This Week in Spanish Civil War History – Week 13: 10 – 17 October 1936

October 12

University of Salamanca’s rector, writer Miguel de Unamuno, gives a speech at their Columbus Day celebration. The western city, in the Nationalist-held area, has many important right-wing audience members, including Franco’s wife. Unamuno speaks out harshly against General Millán Astray, who leads the Spanish Legionaires. While Unamuno had previously said he was a supporter of the Nationalist, he changes his mind and calls Astray inhuman, and an example of the terrible rebel uprising.

Unonumo said – It torments me to think that General Millán Astray could dictate the norms of the psychology of the masses. A cripple, who lacks the spiritual greatness of Cervantes, hopes to find relief by adding to the number of cripples around him.

Astray cried from the crowd – Death to intelligence! Long live death! to the praise of the Nationalist-loving crowd.

Unamuno finished his time on stage by replying – This is the temple of intelligence, and I am its high priest. You are profaning its sacred domain. You will win because you have enough brute force. But you will not convince. In order to convince it is necessary to persuade, and to persuade you will need something that you lack: reason and right in the struggle. I see it is useless to ask you to think of Spain. I have spoken.

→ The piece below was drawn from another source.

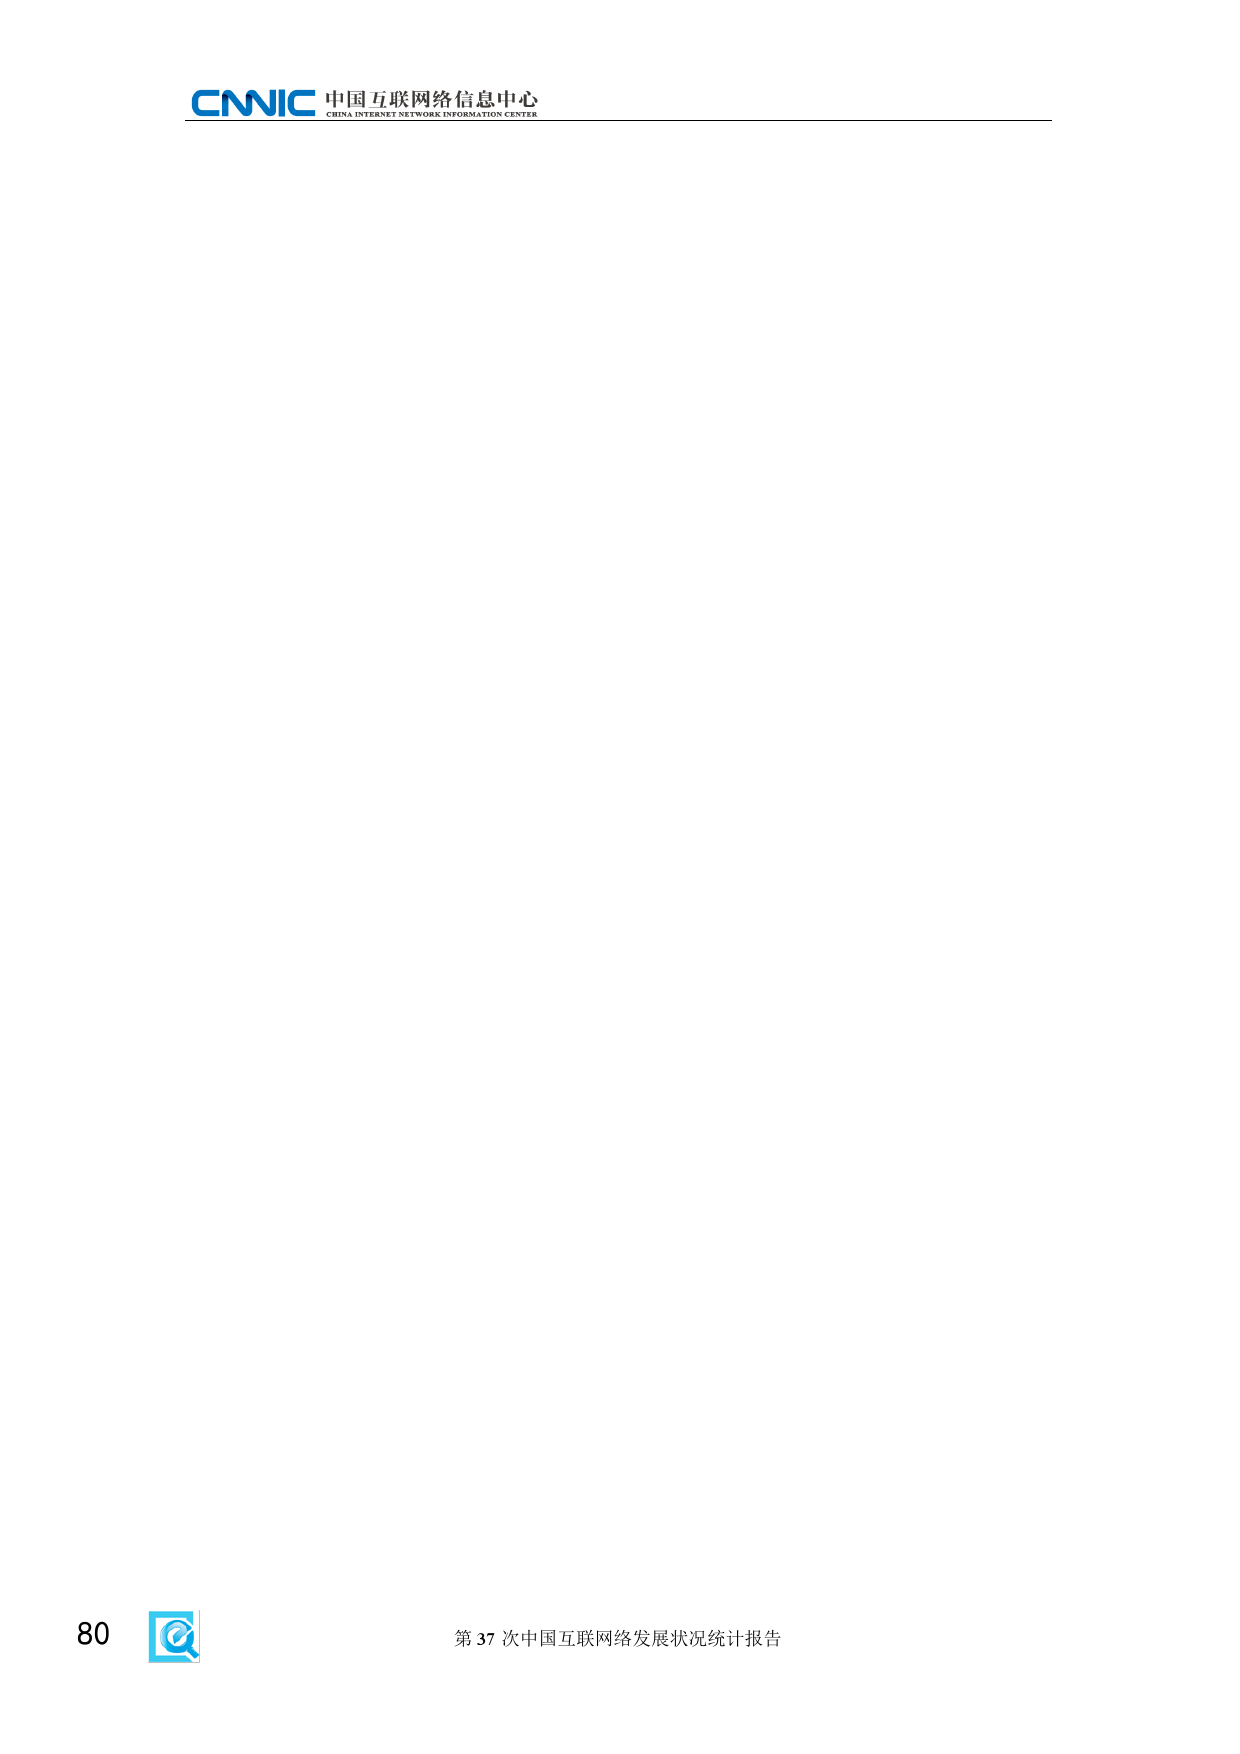 CNNIC:2015年第37次中国互联网络发展状况统计报告_000086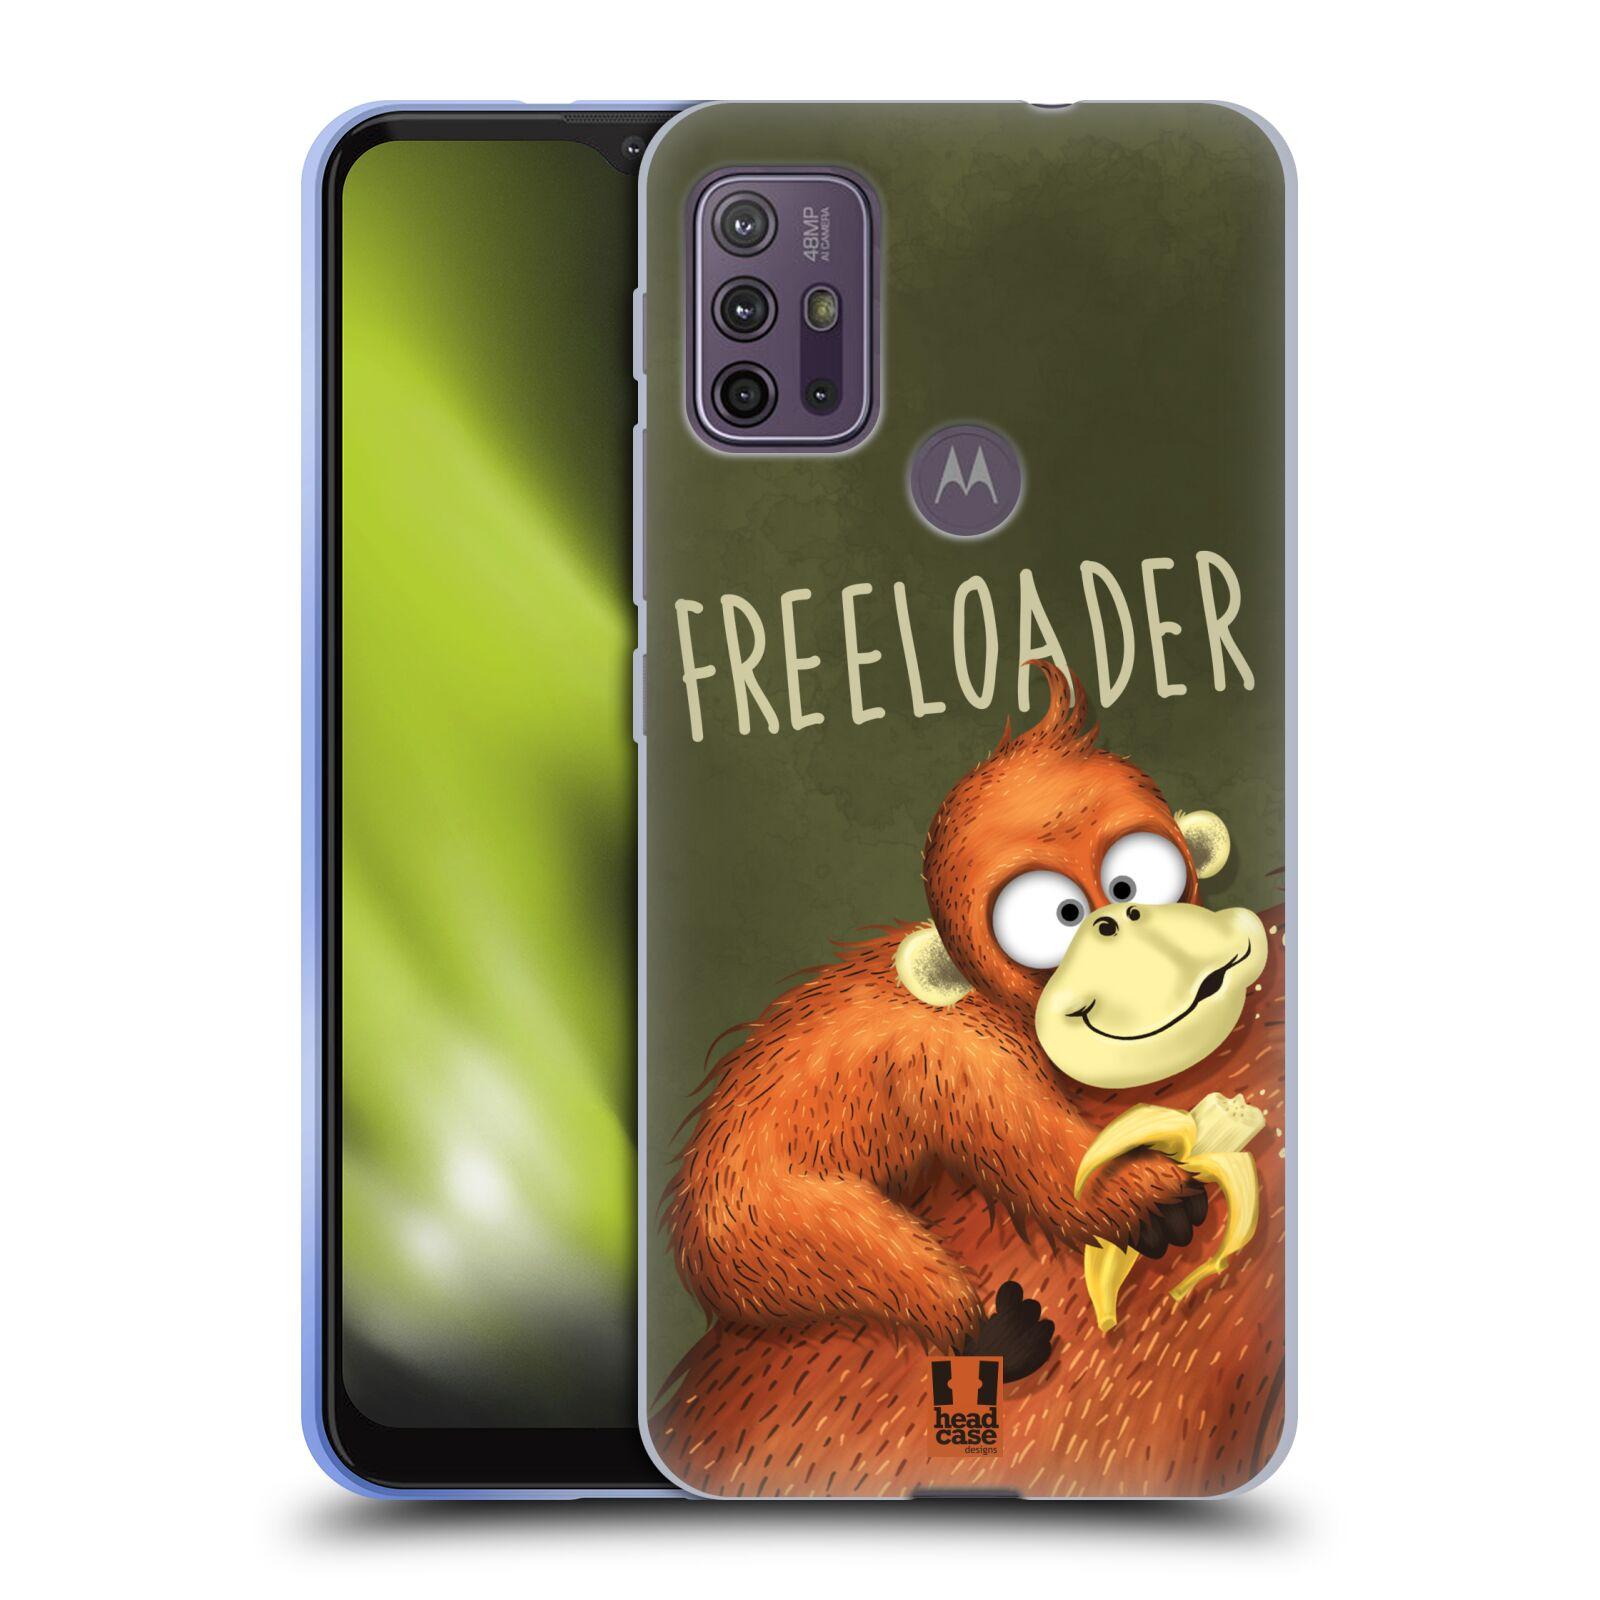 Silikonové pouzdro na mobil Motorola Moto G10 / G30 - Head Case - Opičák Freeloader

Unamuno left the meeting with Franco’s wife Carmen polo, which secured his immediate safety. But he is soon removed from his job and put under house arrest. He will die, humiliated and ruined, two months later.

October 14

The first 500 international volunteers arrive in Albacete, the eastern town set up as the training base for all international volunteers.

October 15

The first ship from the Soviet Union, carrying Republican bought weapons arrives in the port of Cartagena. The weapons are sorely needed as the Nationalist army continues their bloody march towards Madrid.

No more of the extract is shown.